A Top Recruiter Fired

Eric Burch, formerly a unit manager at Farmington Correctional Center, says he brought about 150 new employees into the department before he was fired in April of last year.

In November 2017, Burch had been with the MODOC for 22 years and was also serving on a hiring committee when his supervisor on that committee told him about a new program to help grow the head count in the short-staffed department. If a current employee referred a new employee who completed training and joined the ranks of the MODOC, the employee who made the referral would get a $250 bonus.

Burch, a self-described “company man,” was worried about staff levels at the time and with the new referral program saw both dollar signs and an opportunity to help the challenged prison system that he truly wanted to see turned around.

“We were told to get creative and think outside the box,” Burch says. “We needed boots on the ground, and we needed to get them hired on as quickly as possible.”
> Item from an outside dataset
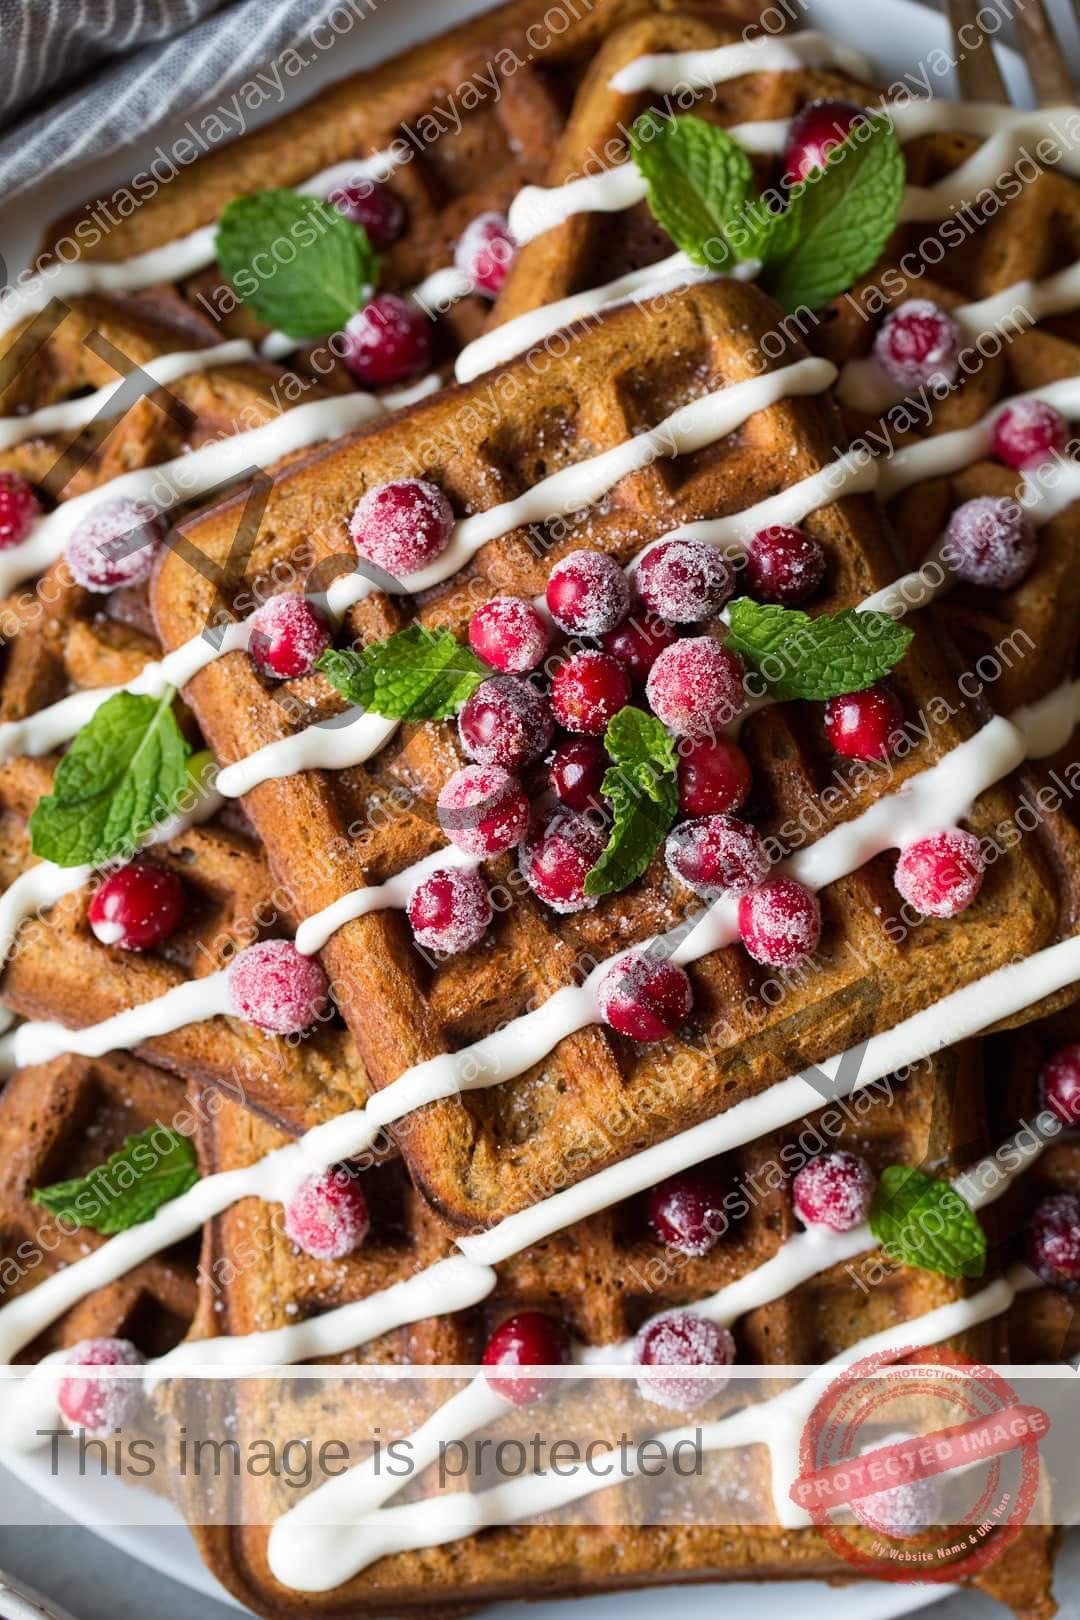 Waffles de jengibre en primer plano

He posted job openings to Facebook groups focused on towns and counties near prisons, eventually becoming active in more than 200 such groups. He included in his posts step-by-step instructions on how to apply. He created an even more detailed set of instructions for the less-than tech savvy. When he realized that the department wasn’t posting open positions to the job search site Indeed, he began doing that, too.